Becky followed the man without any real excitement or interest. She watched as the couple discussed and dismissed a gaudily framed portrait of a woman in a light-green dress. When they left, she moved in and reached past that painting, and a leaning stack of six others, to pick up a small oil of a boy holding a book, a cat twined around the legs of his chair.
She couldn’t have explained it to herself in words even if she’d wanted to. But she couldn’t ignore the instinct that was screaming inside her like a heat-seeking missile.
The cash register was being manned by a bored dad more interested in the Cubs game than any merchandise. Becky grabbed a handful of kitchen tools—a scuffed plastic spatula, two wooden spoons, a pair of tongs—and set them next to the small oil near the register. “What’s the score?”
“You don’t want to know.”
Her breathing accelerated while the man slowly added up her purchases, and she tried not to flinch as he turned the painting this way and that, looking for the price sticker. Squinting, he handed it back to her. “Can you read that?”

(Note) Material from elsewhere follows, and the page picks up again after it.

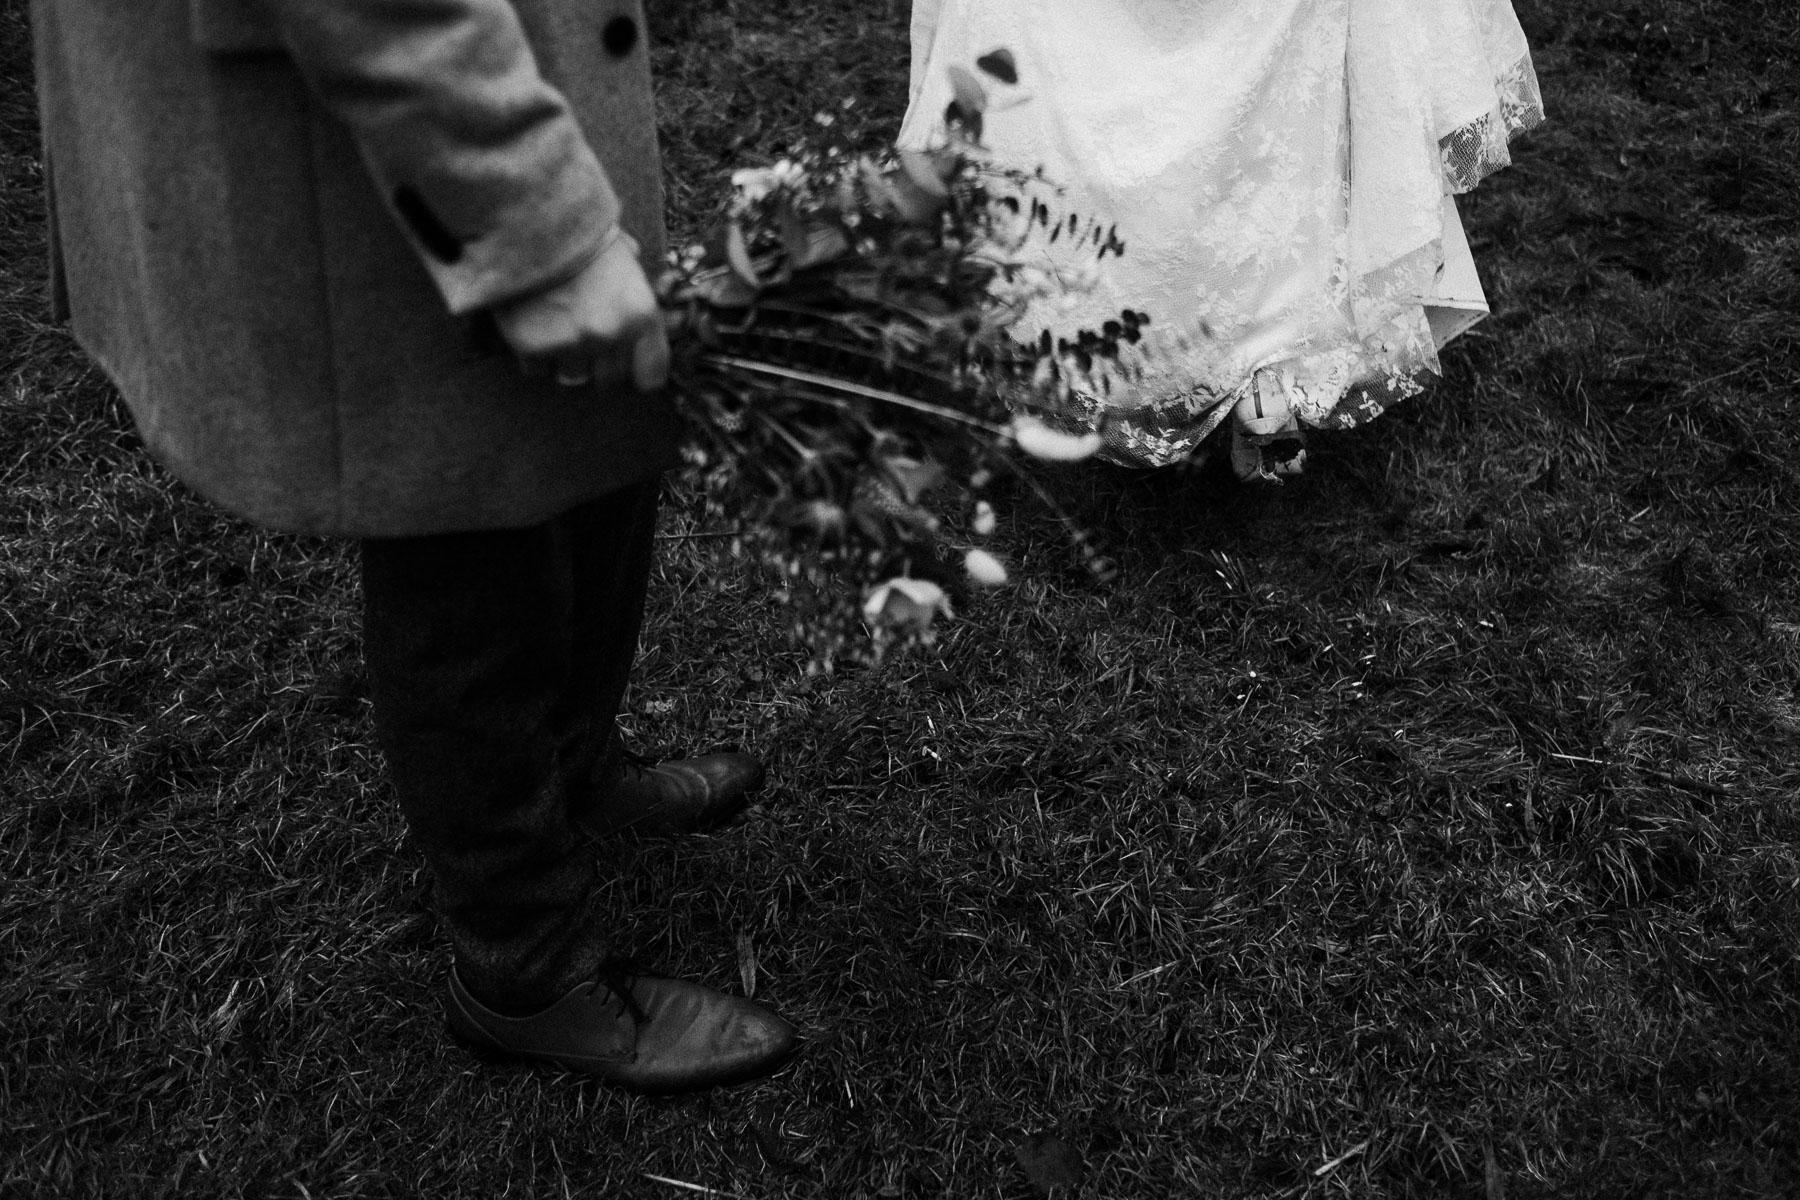 das Brautpaar steht auf dem Rasen, zu sehen sind nur die Beine, der Mann trägt einen gruen Anzug und die Braut ein langes Brautkleid, der Mann hält den großen Brautstrauß

Becky pretended nonchalance. “It says ten, but I can go compare it to the others if you—” She waved back at the garage.
“Nah. Let’s call it fifteen with the other stuff.”

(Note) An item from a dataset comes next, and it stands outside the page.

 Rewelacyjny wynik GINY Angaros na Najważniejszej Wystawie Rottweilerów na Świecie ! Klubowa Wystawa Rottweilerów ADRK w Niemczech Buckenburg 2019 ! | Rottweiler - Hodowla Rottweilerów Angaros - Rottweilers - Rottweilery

“Okay. I just have to . . . Dad, can I see your wallet for a second?” She could feel the man’s eyes flicking to them, and away, as she maneuvered to get at the wallet Hank was sitting on. Finally she was able to hand over a ten (from her purse) and five crumpled ones.
“Bag? Receipt?” His tone said there was nothing he’d like to do less, and even though her nerves were tingling, urging her to get away with the painting under her arm, Becky stood her ground. Sure, why not. Yes, please. All right, Dad, we’ll catch the last innings at home.

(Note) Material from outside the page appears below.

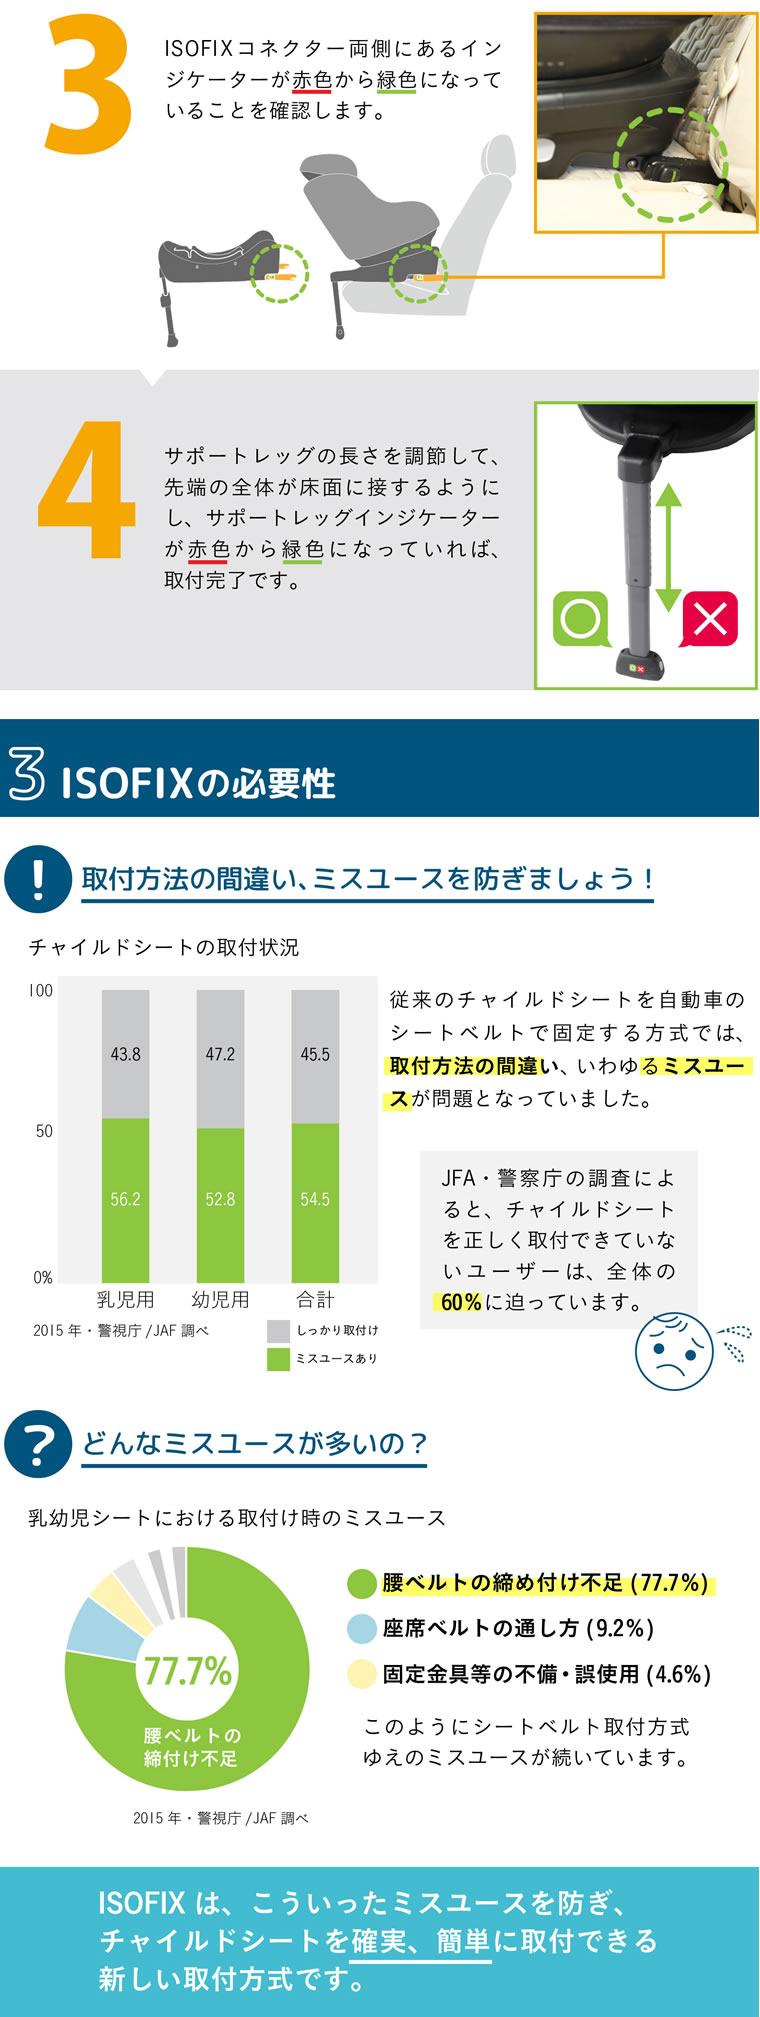 ISOFIXの必要性

For the rest of the afternoon and evening she didn’t have time to examine the little painting, or maybe she put it off on purpose. There was vacuuming to do, and potatoes to boil and mash, and towels forgotten in the washer that smelled moldy and had to be done again. Then Hank had an accident so she had to clean that up too.
But all her instincts at the garage sale were confirmed when the phone rang at 8:30: Marissa Langley, brisk and apologetic, sorry she’d missed them when they’d stopped by earlier, her husband had said how nice it was to catch up.
Uh huh.
Then Marissa explained, all in a rush, the mistake: a few items hadn’t been meant for the sale. Some furnishings, some art, you know, nothing spectacular, but things that had held personal meaning for her family. Including, oh, that small picture Becky had taken home. She was sure Becky would understand. A friend of the family’s had found it in a charming place in Europe. She’d always meant to get it appraised, but— Actually, she just needed it back.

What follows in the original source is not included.